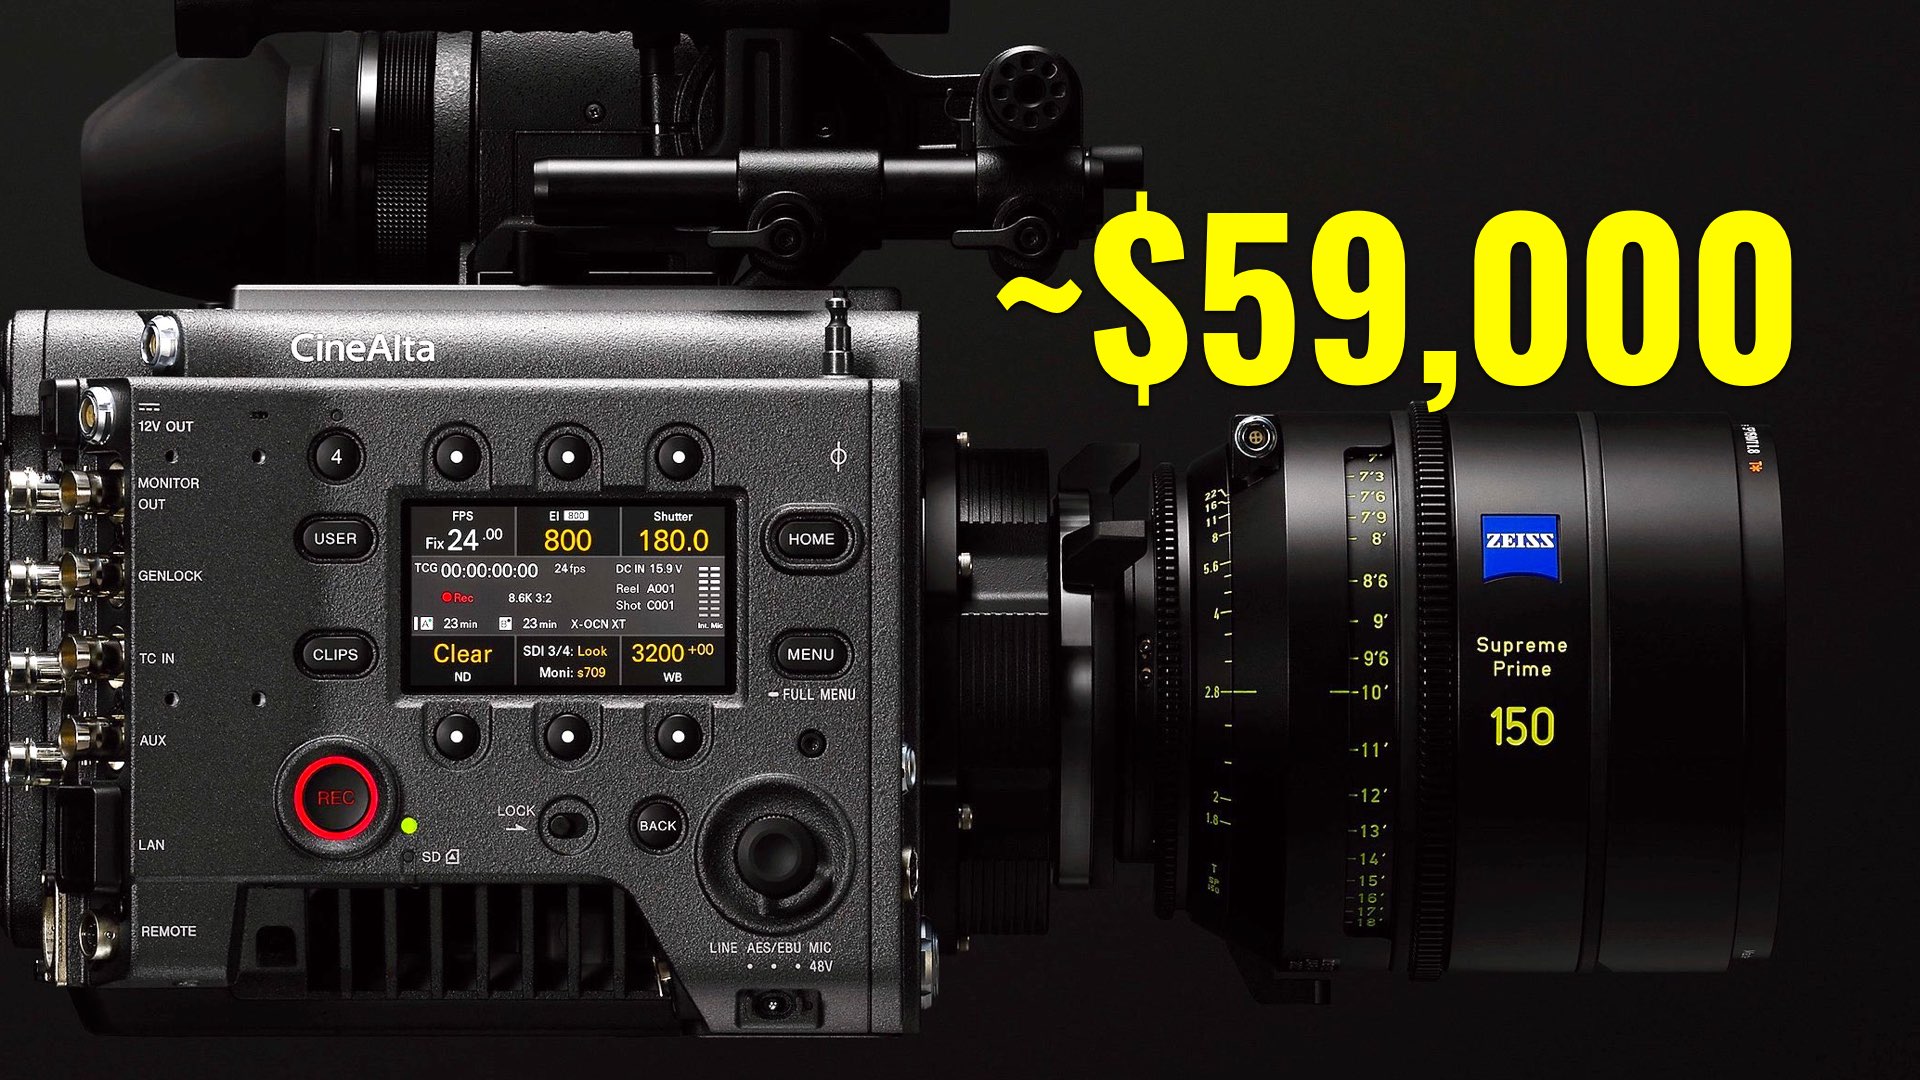 Funnel web spider Ideal assist The Sony VENICE 2 Prices Have Been Revealed - YMCinema - News & Insights on  Digital Cinema
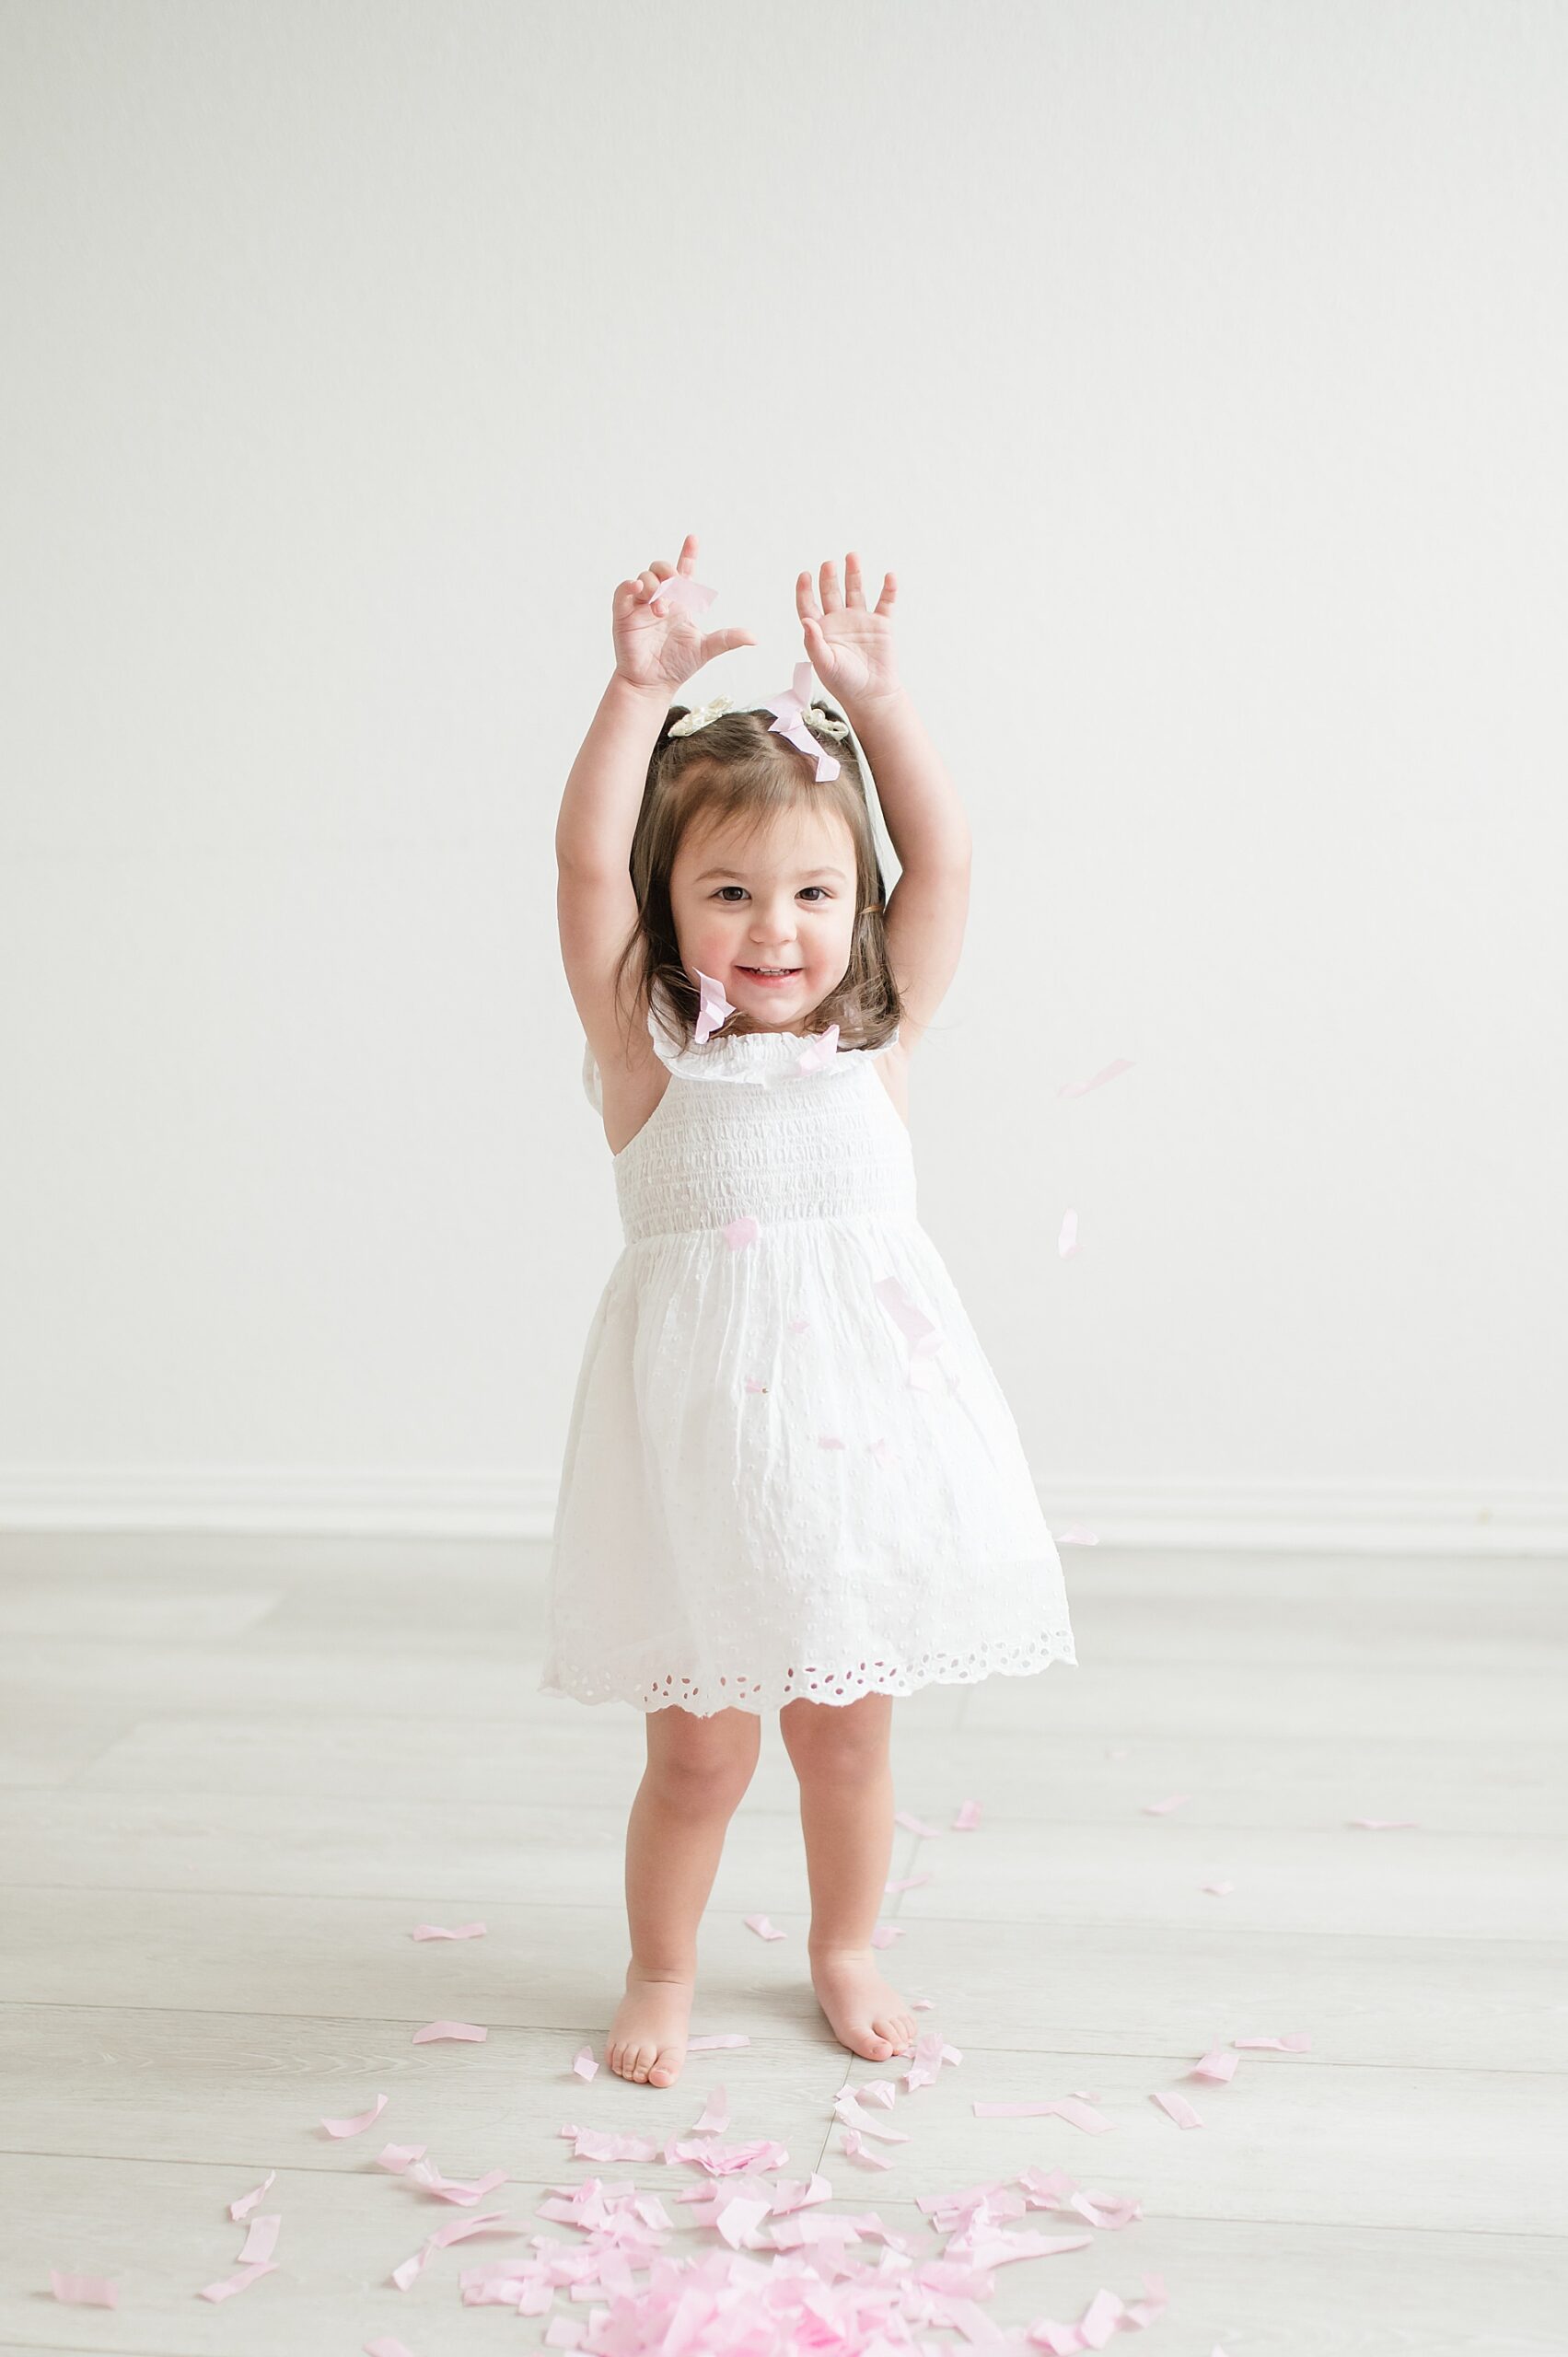 little girl in white dress plays in pink confetti from gender reveal photo session taken by Lindsey Dutton Photography, a Dallas Maternity photographer
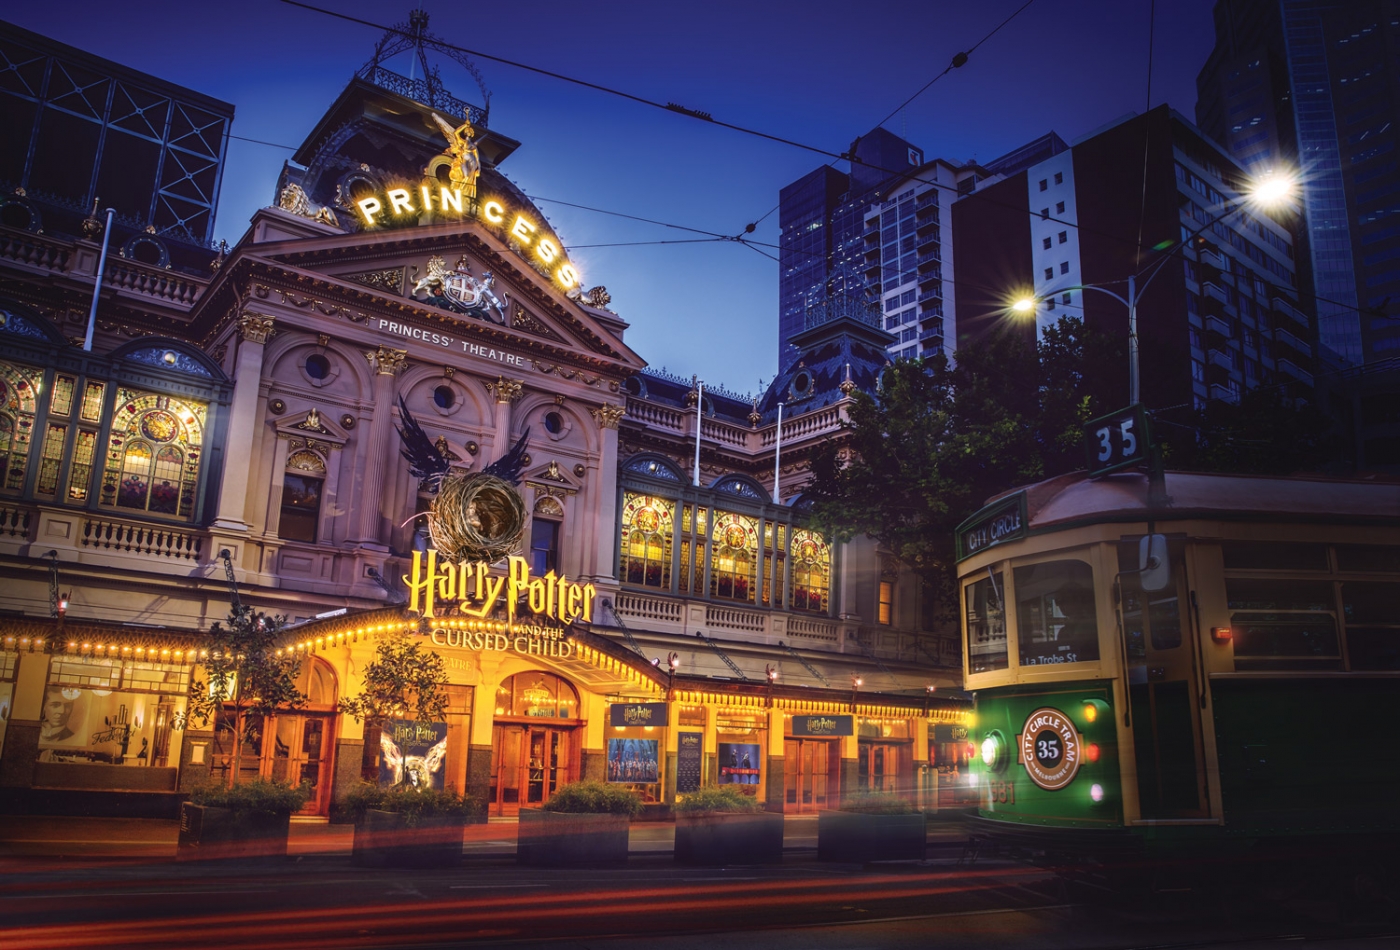 Harry Potter and The Cursed Child, Princess Theatre
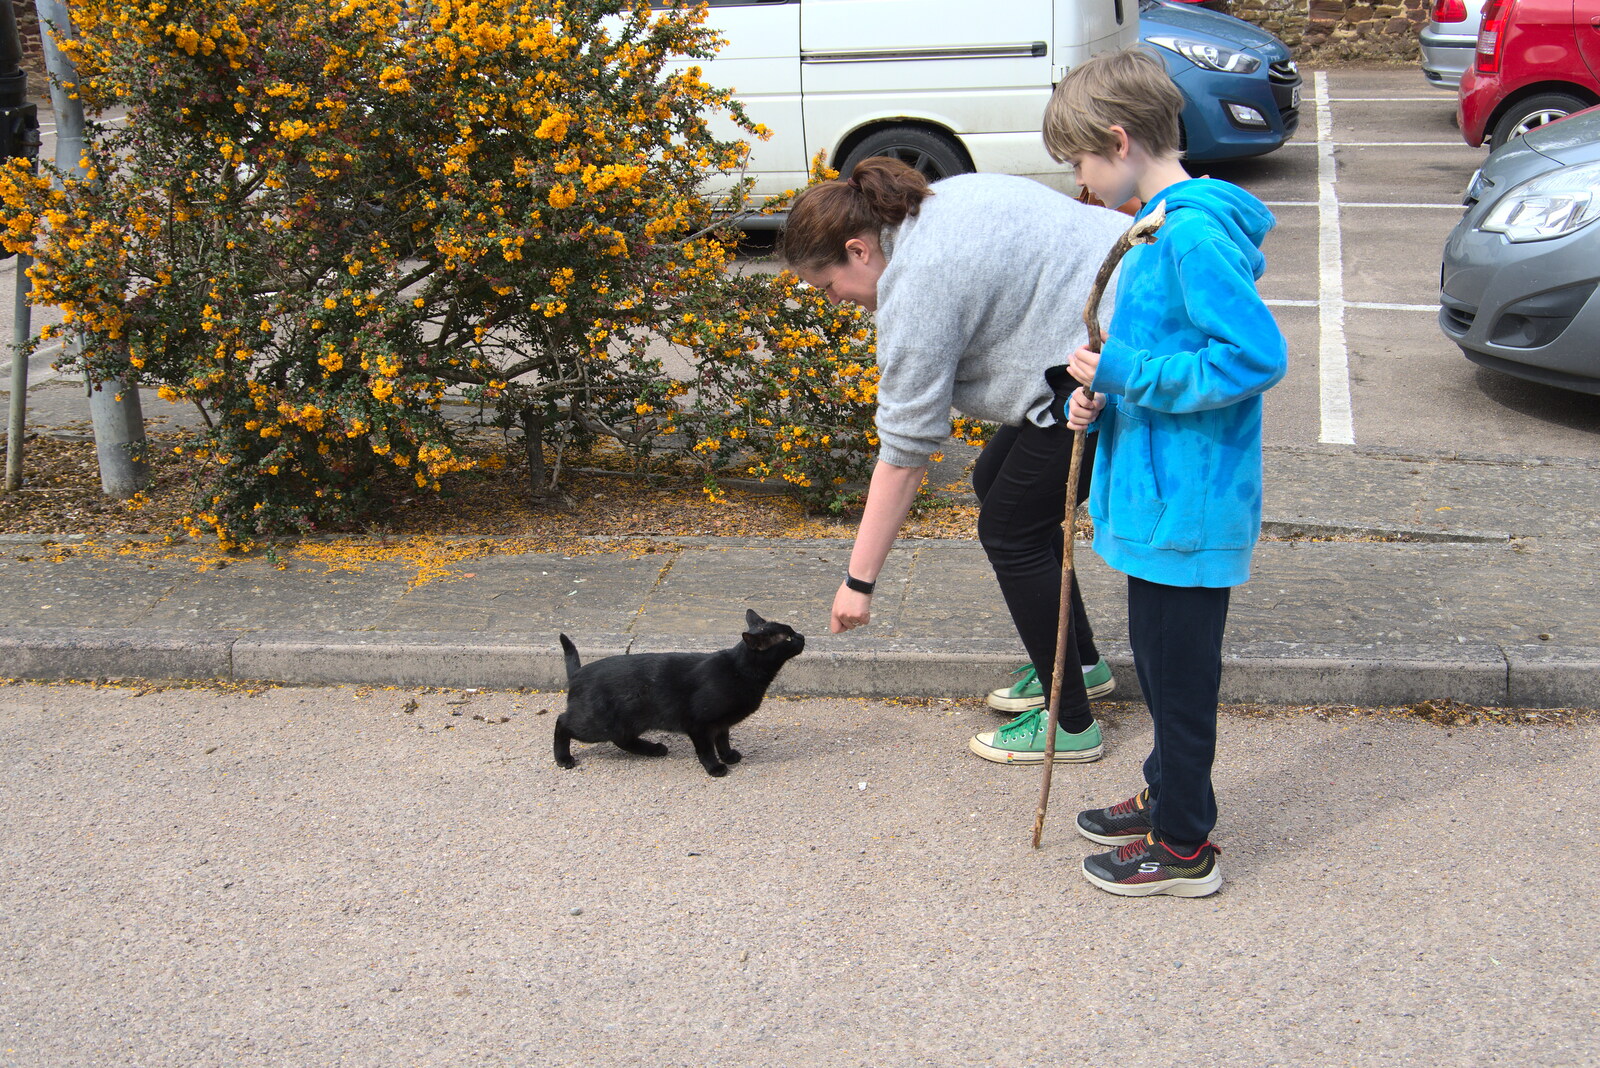 We met a friendly invisible cat in the car park from A Vaccination Afternoon, Swaffham, Norfolk - 9th May 2021

**Exercise goal**
Quote the listing above in full, except for the pictures.

**Completed task**
 Funnel web spider Ideal assist The Sony VENICE 2 Prices Have Been Revealed - YMCinema - News & Insights on  Digital Cinema
 little girl in white dress plays in pink confetti from gender reveal photo session taken by Lindsey Dutton Photography, a Dallas Maternity photographer
 Harry Potter and The Cursed Child, Princess Theatre
 We met a friendly invisible cat in the car park from A Vaccination Afternoon, Swaffham, Norfolk - 9th May 2021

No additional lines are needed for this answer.